Average Social Security benefits have fallen below inflation by about $1,054 from the start of the pandemic through 2022, according to new analysis from the nonpartisan senior group. That excludes Medicare Part B premiums, which are usually deducted directly from your Social Security benefit checks.

“It will be very difficult for people to recover.”

So will retirees who rely on Social Security for income finally catch up in 2023 after inflation soars?

The answer to that question remains uncertain, according to Mary Johnson, Social Security and Medicare policy analyst at the Senior Citizens League.

How much beneficiaries can catch up depends mostly on lower inflation.

Consumer prices fell 0.1% in December, in line with expectations

However, if inflation drops too low, that could lead to fewer – or even no – benefits for COLA in 2024, which will also make it difficult to recover, according to Johnson.

“It’s going to be very difficult for people to recover, if they recover at all,” Johnson said.

In 2020, the 1.6% growth in inflation rates (COLA) kept pace with inflation.
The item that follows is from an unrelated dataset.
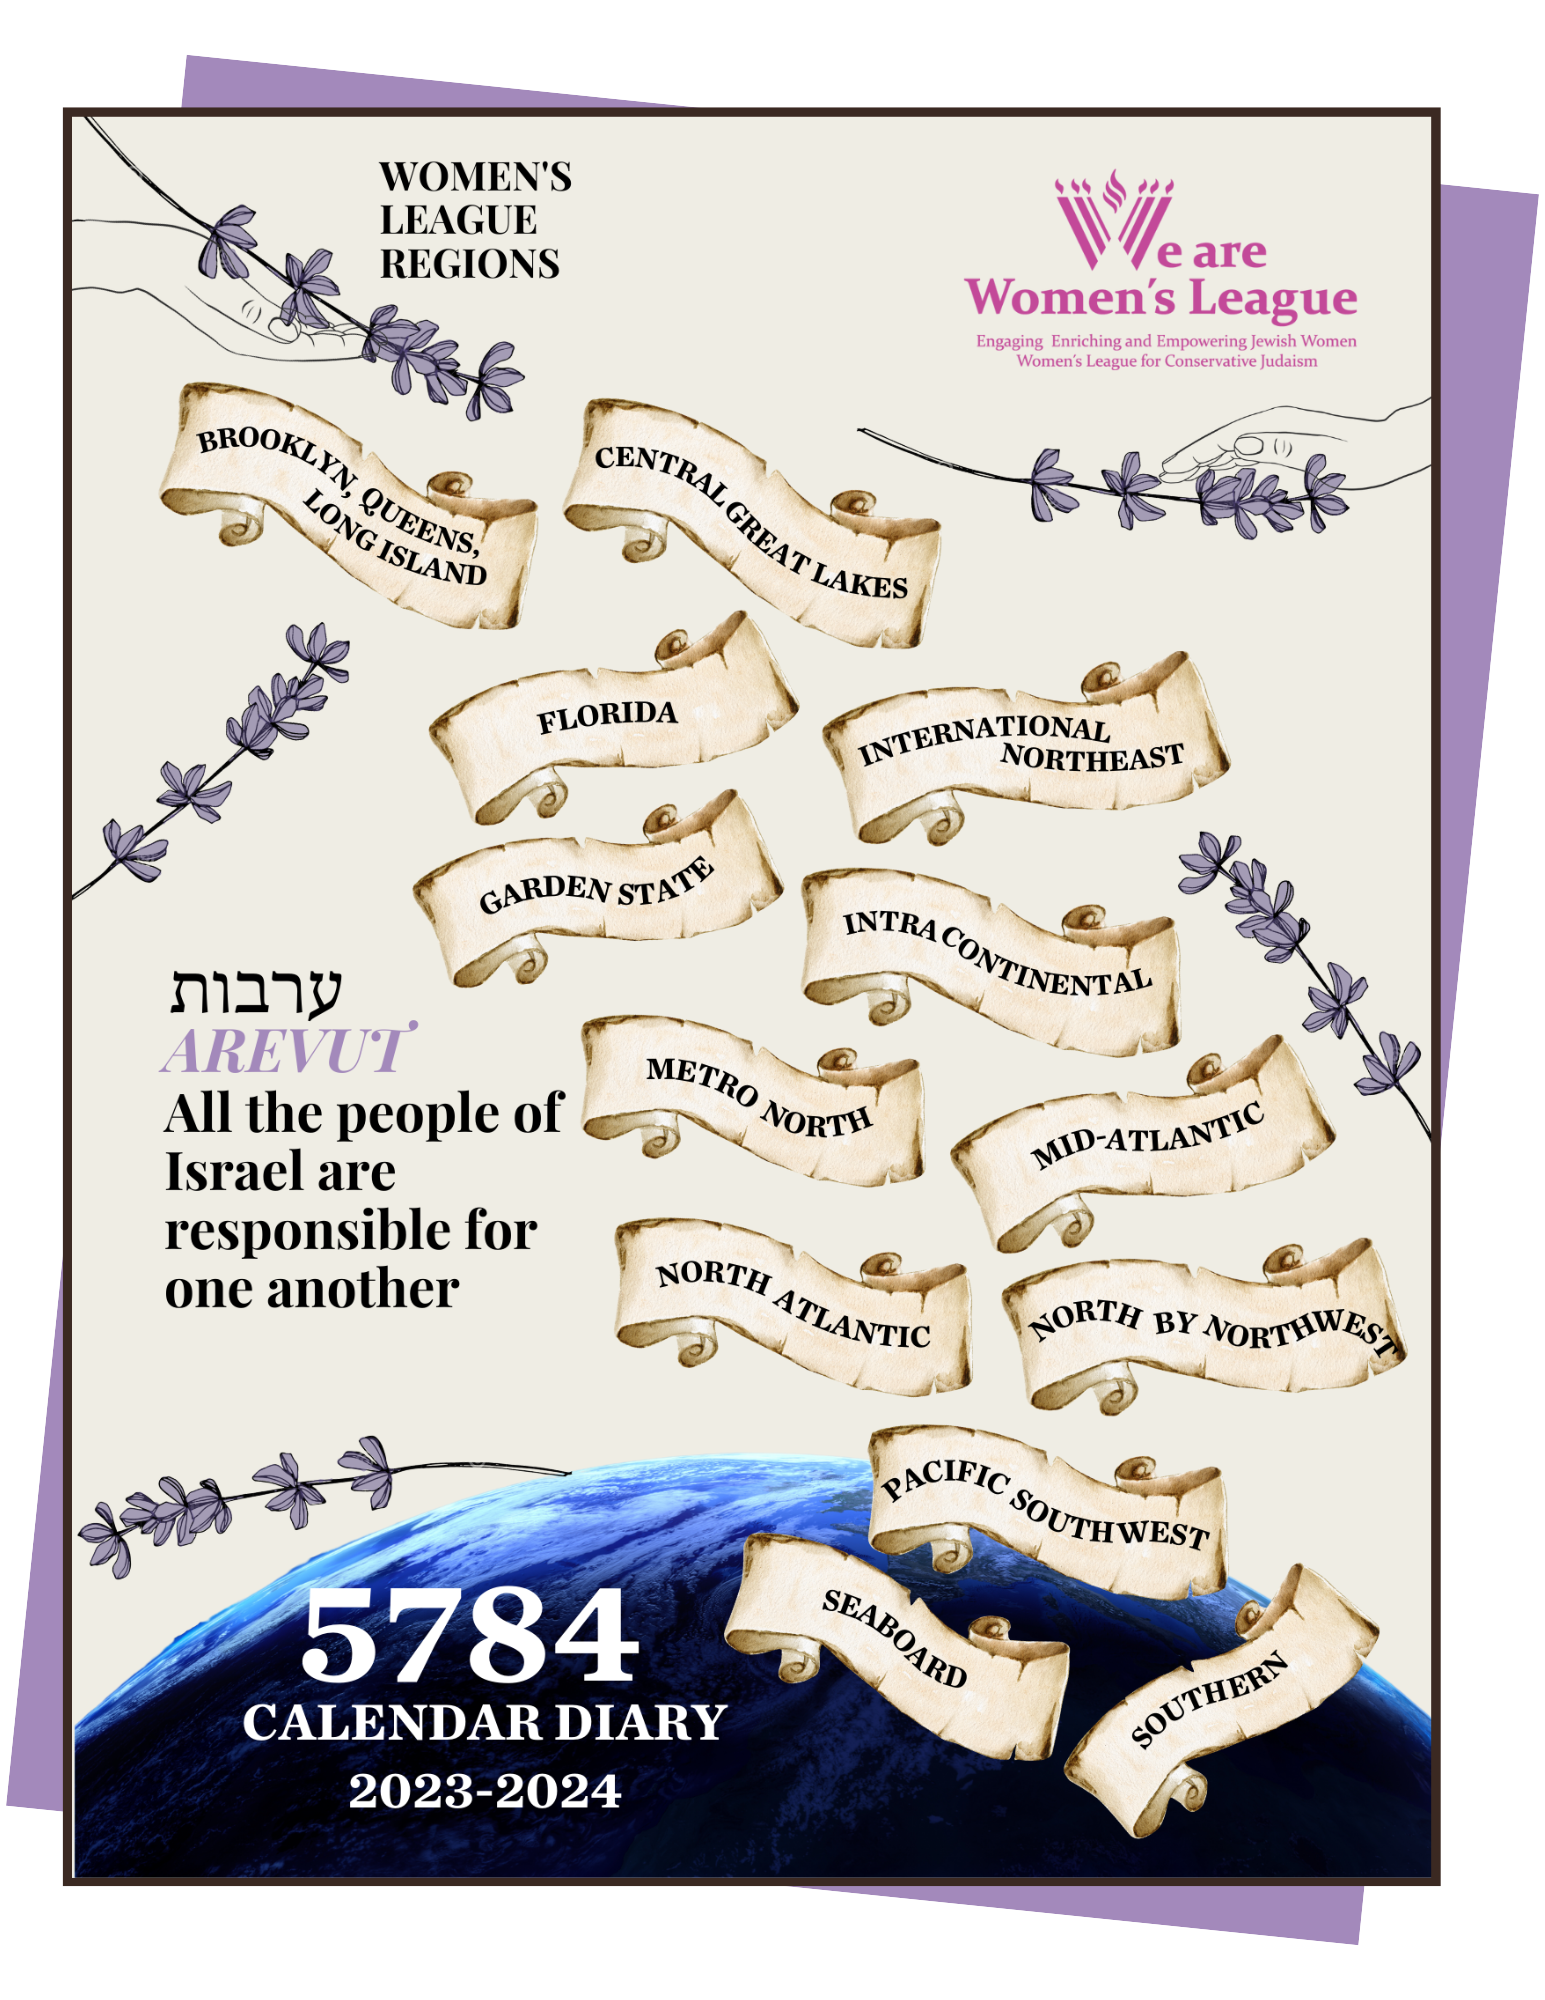 Publications & Materials for Sale  Women's League for Conservative Judaism  - Jewish Women's GroupWomen's League for Conservative Judaism

Average benefits that year ended up being about $53 before deductions for Medicare Part B.

However, in 2021, with 1.3% COLA, the average accrual came in at $612, or $51 per month.
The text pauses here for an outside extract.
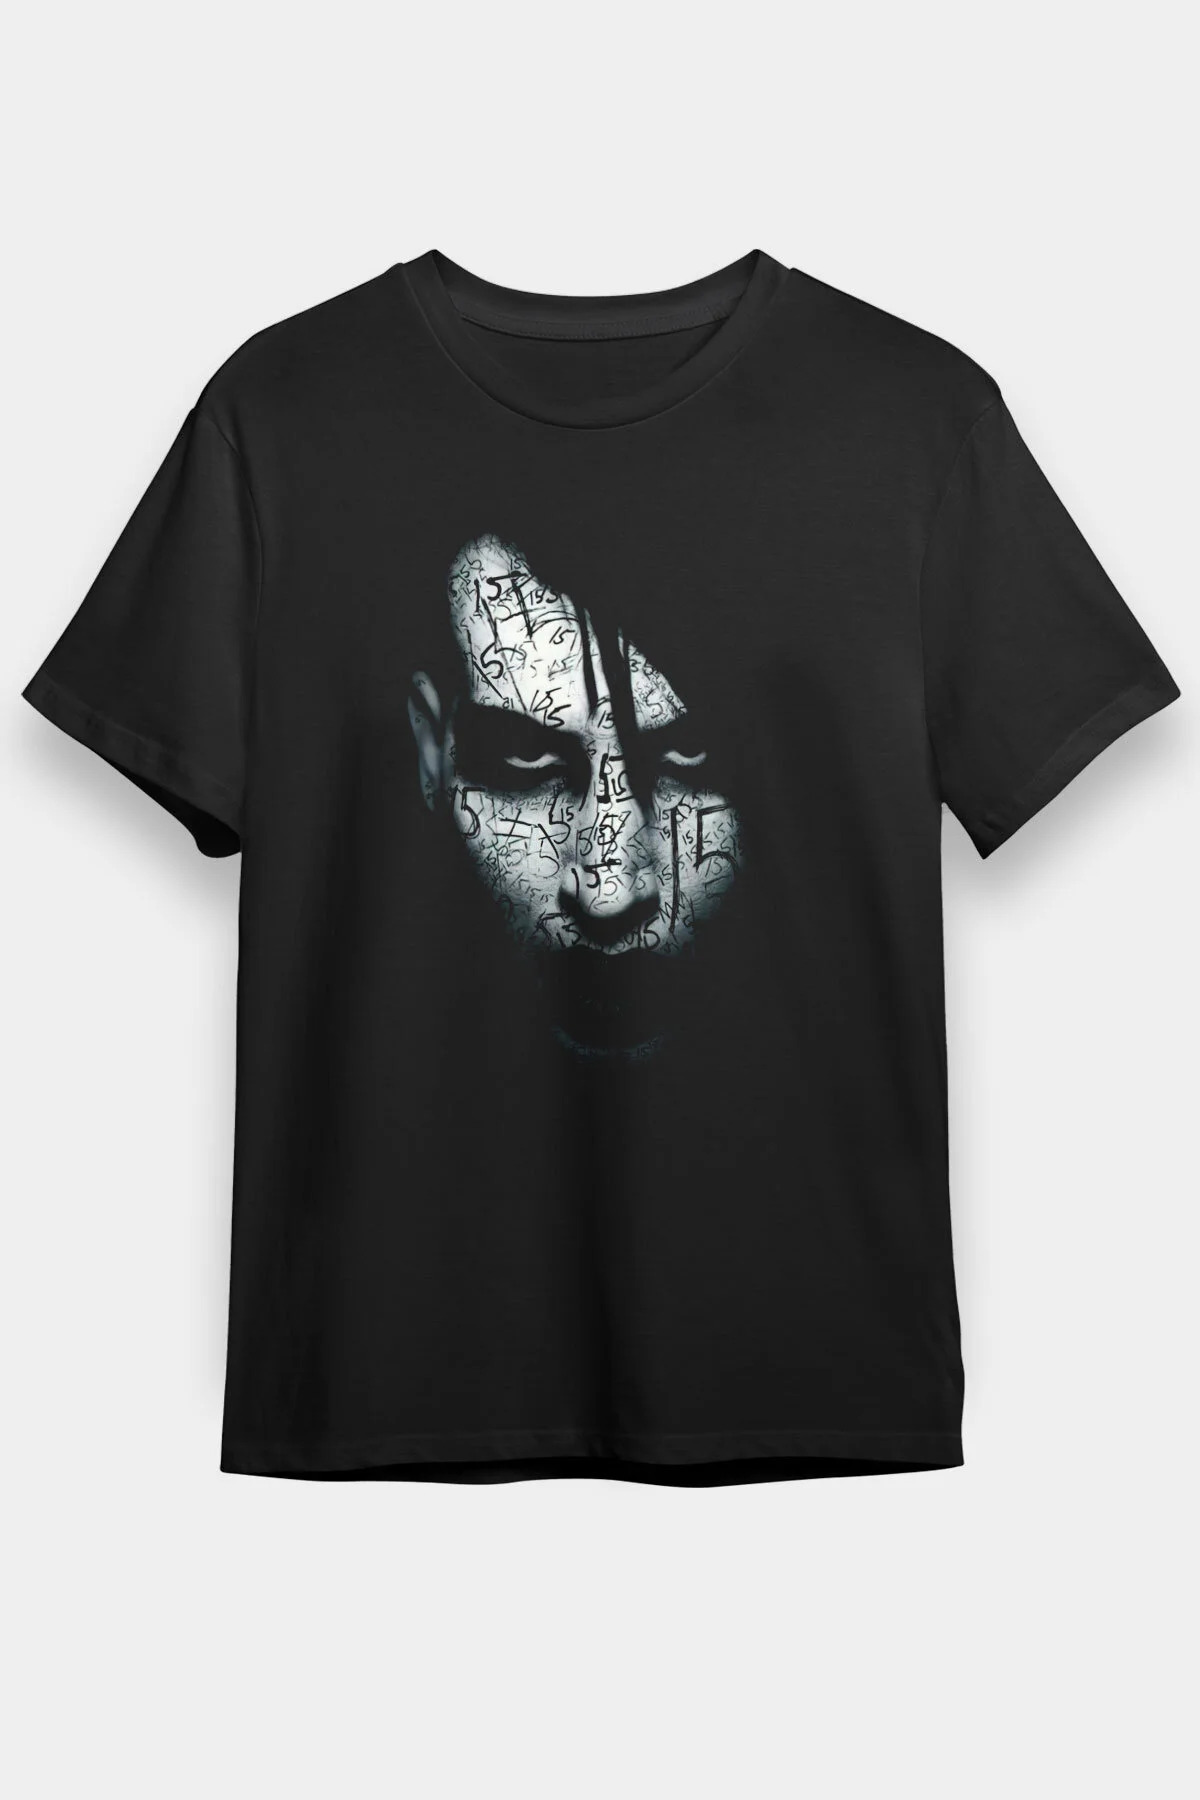 Marilyn Manson T shirt, Music Band ,Unisex Tshirt 10

In 2022, a 5.9 percent COLA has helped curb the shortfall, yet average benefits are still lagging by $495, or $41.25 per month.

This predicament has made it all the more important for retirees to carefully plan all income streams, not just Social Security.

“It’s a good thing for people planning for retirement to consider and understand the effects of inflation, not only on your Social Security benefits, but especially on retirement benefits that are not protected from inflation,” Johnson said.

8.7% COLA ‘probably not a real increase’

The 8.7% COLA may not significantly increase the purchasing power of recipients, since daily costs are still high, according to Joe Elsasser, founder and president of Covisum, a Social Security claim software company.

“Although it may seem like an increase, it is most likely not a real increase,” Alzomar said.

The Social Security Administration uses a measure called the Consumer Price Index for urban wage earners and clerical workers, or CPI-W, to calculate the COLA each year.

The annual cost of living is based on the annual percentage increase in the Consumer Price Index – W for the third quarter. If no increase occurs, there will be no COLA.

The graph above shows which costs have risen the most, based on CPI-W data through December. To be sure, some advocates have argued that other measures may better reflect the costs faced by retirees, such as the Consumer Price Index for Seniors, or CPI-E, and thus may be a better measure of adjusting the annual cost of living.